YOUR ASSIGNMENT —
The line containing "Dieser Stuhl passt" marks the end; write out exactly every line from the start of the data up to and including it, without the pictures.
**** SOURCE DATA
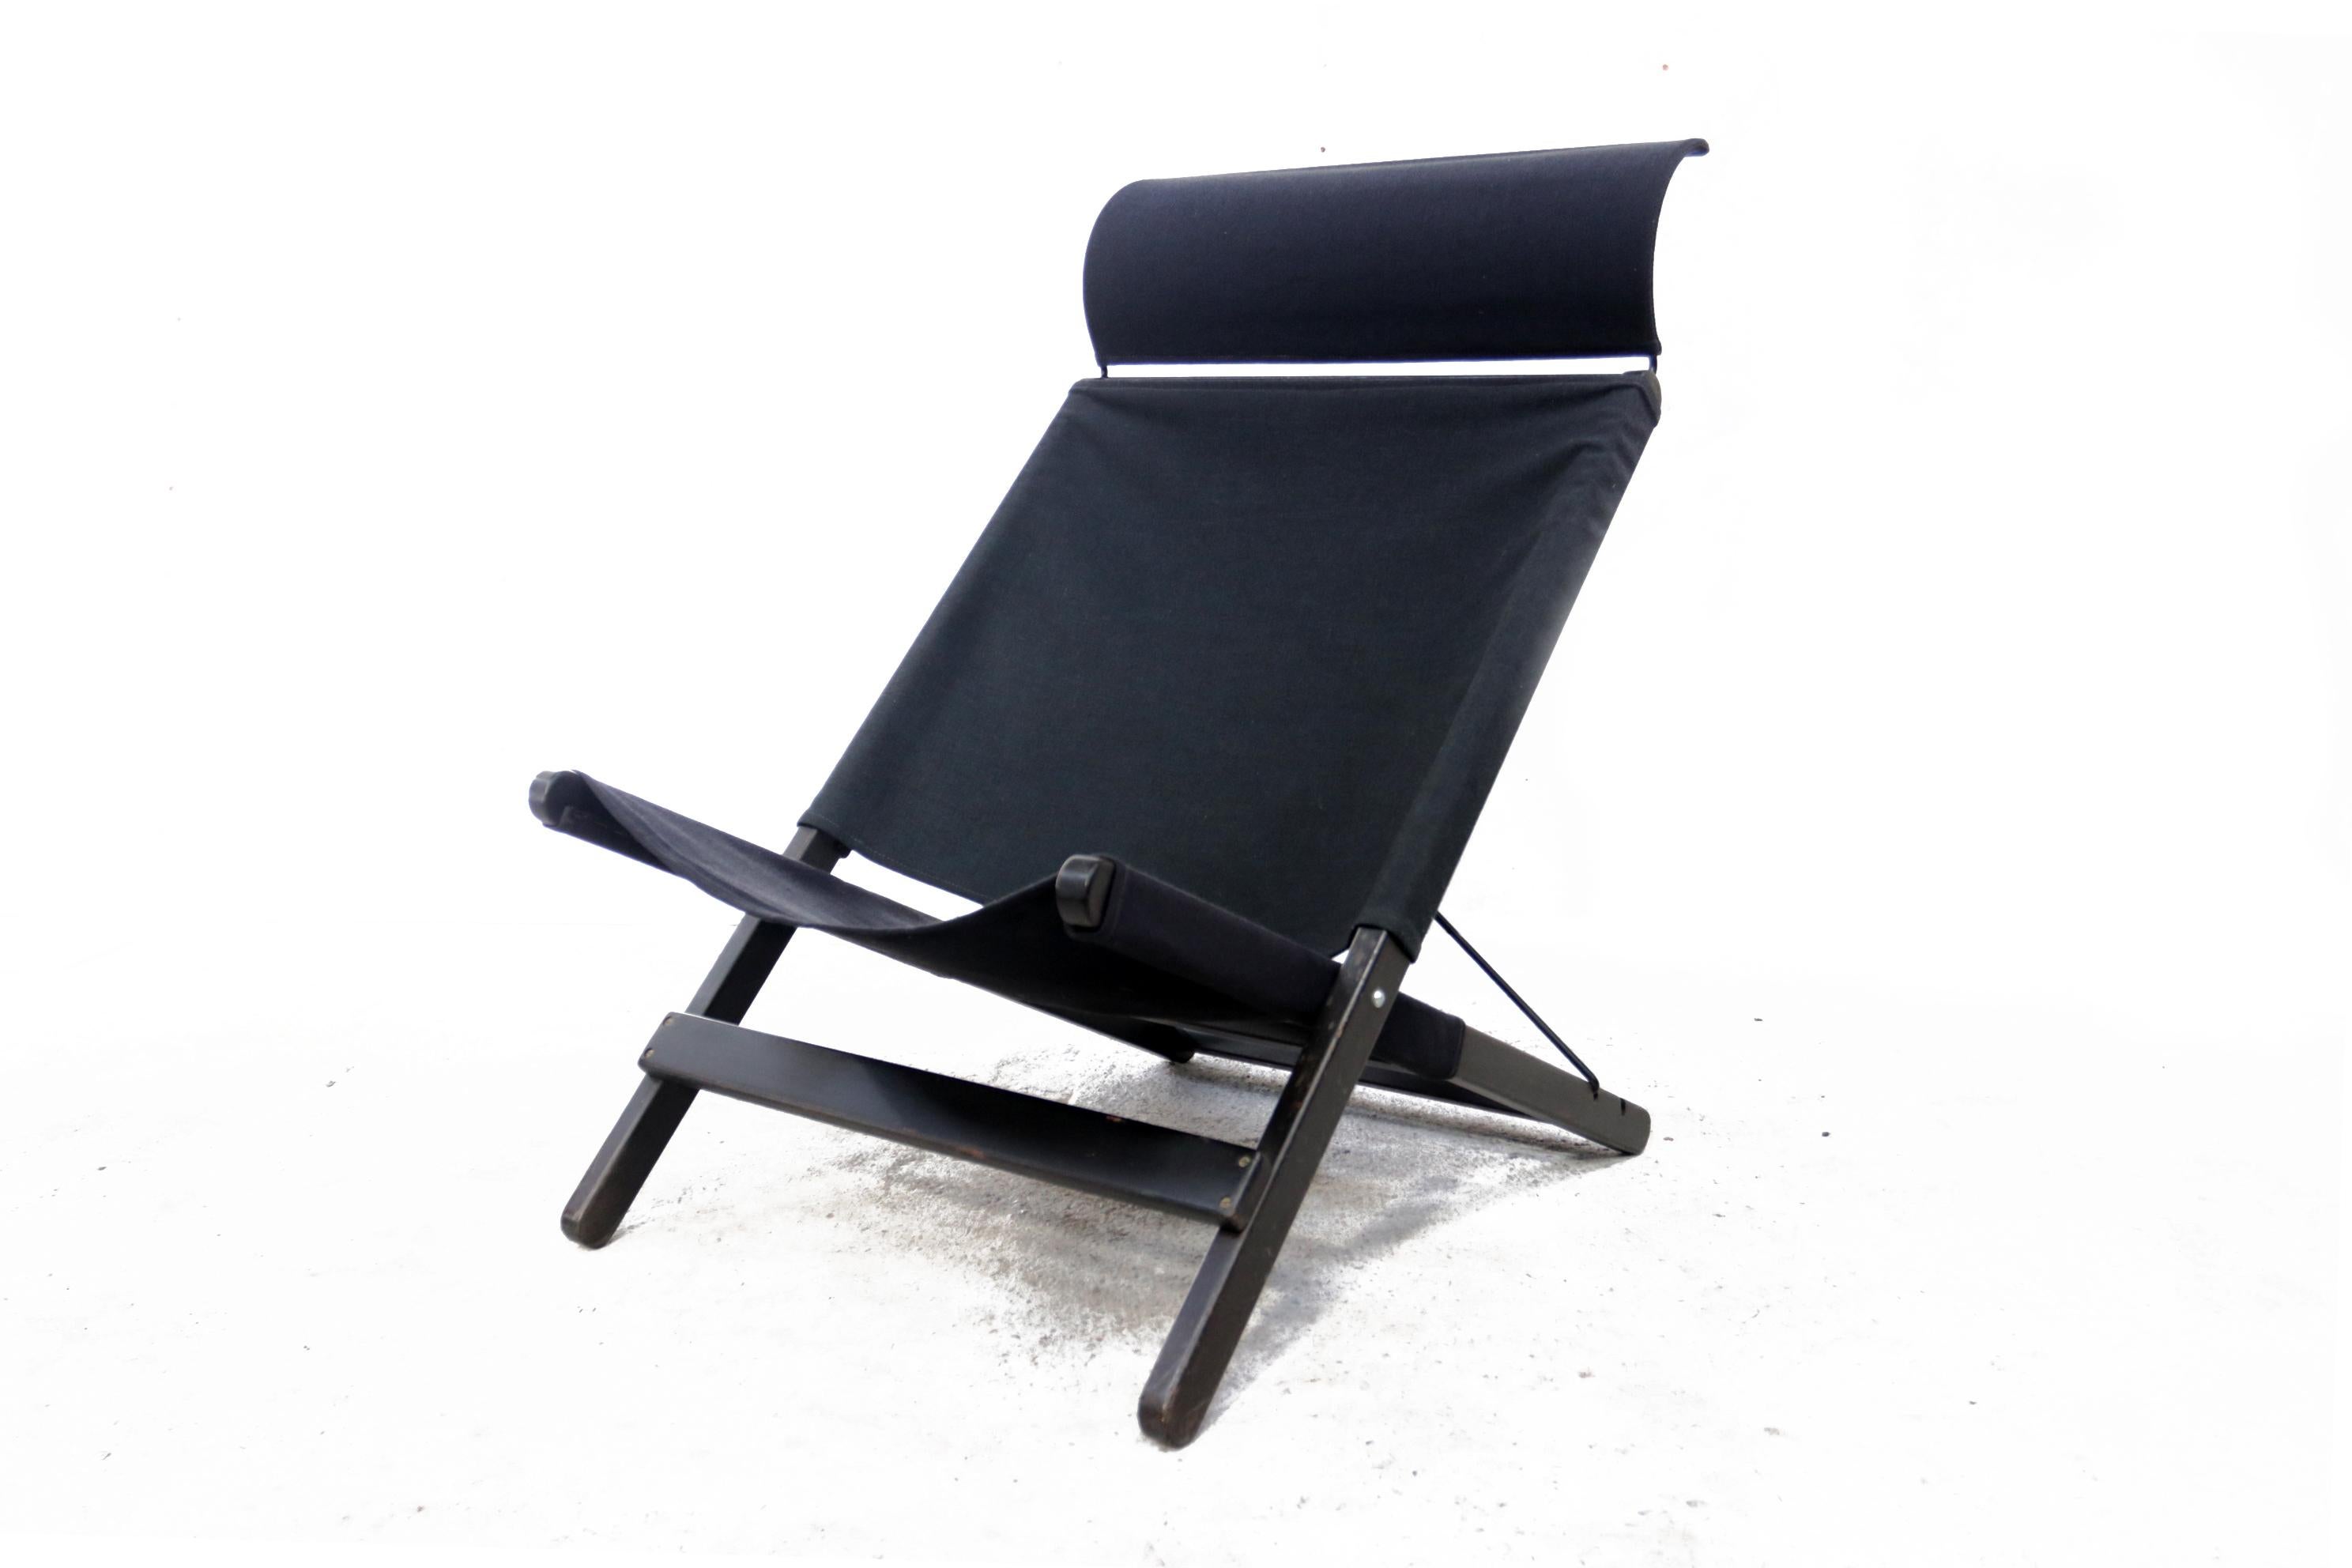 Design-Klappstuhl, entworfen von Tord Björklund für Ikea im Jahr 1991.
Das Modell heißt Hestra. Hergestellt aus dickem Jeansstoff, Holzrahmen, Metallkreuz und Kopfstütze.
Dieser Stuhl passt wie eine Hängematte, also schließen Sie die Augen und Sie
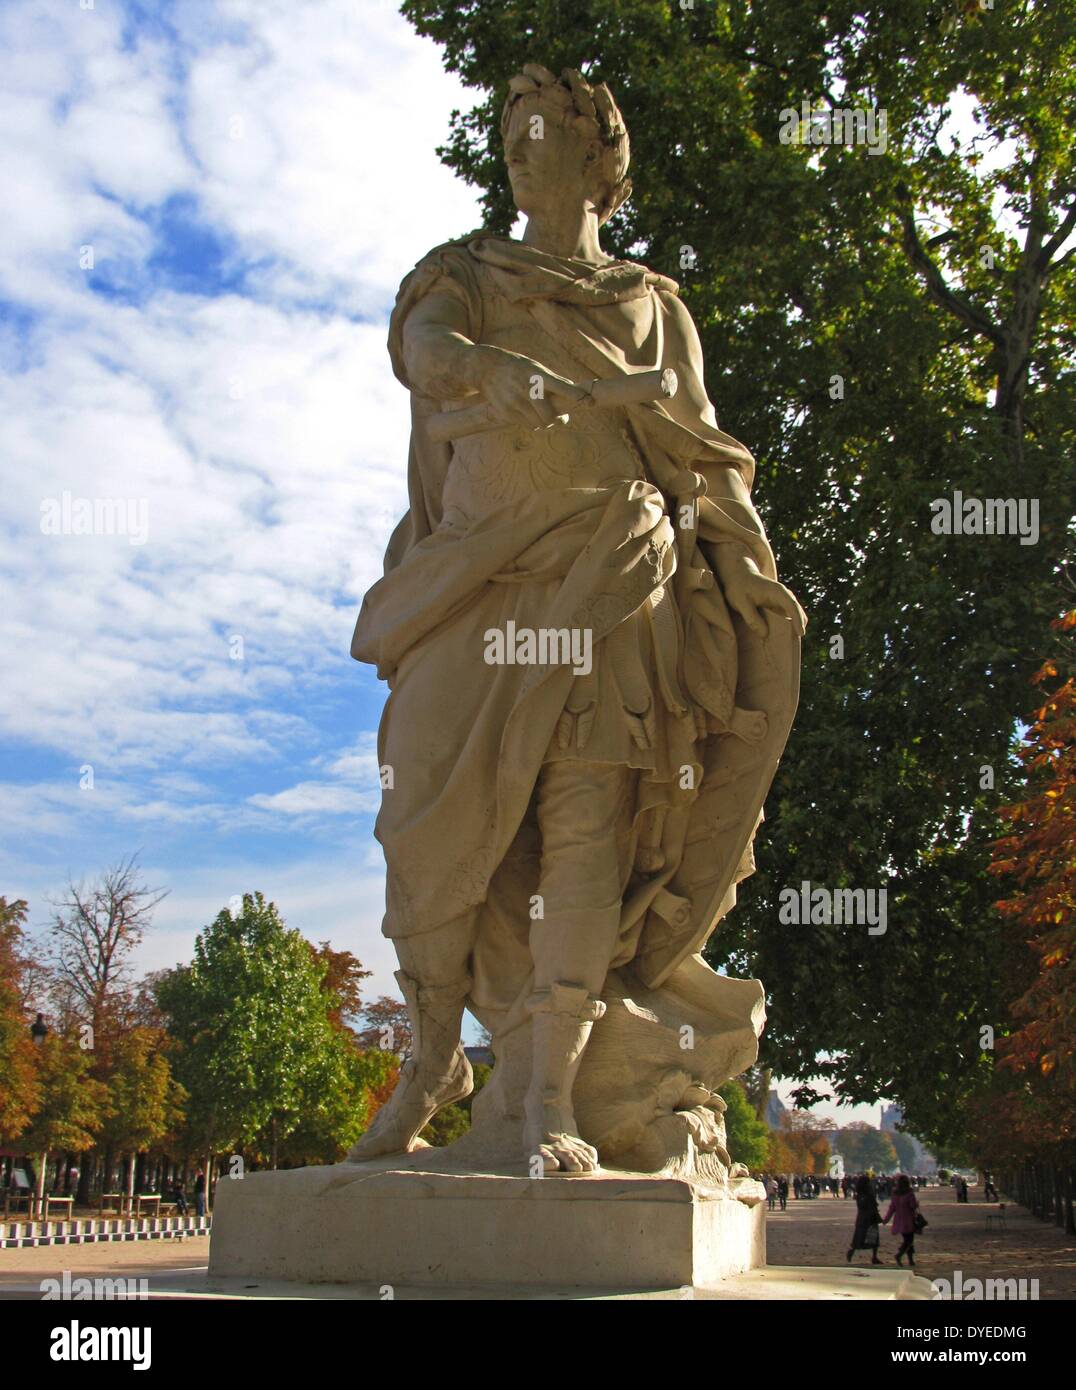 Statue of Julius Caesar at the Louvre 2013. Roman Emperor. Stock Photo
********
SOLVED PROBLEM —
 Design-Klappstuhl, entworfen von Tord Björklund für Ikea im Jahr 1991.
Das Modell heißt Hestra. Hergestellt aus dickem Jeansstoff, Holzrahmen, Metallkreuz und Kopfstütze.
Dieser Stuhl passt wie eine Hängematte, also schließen Sie die Augen und Sie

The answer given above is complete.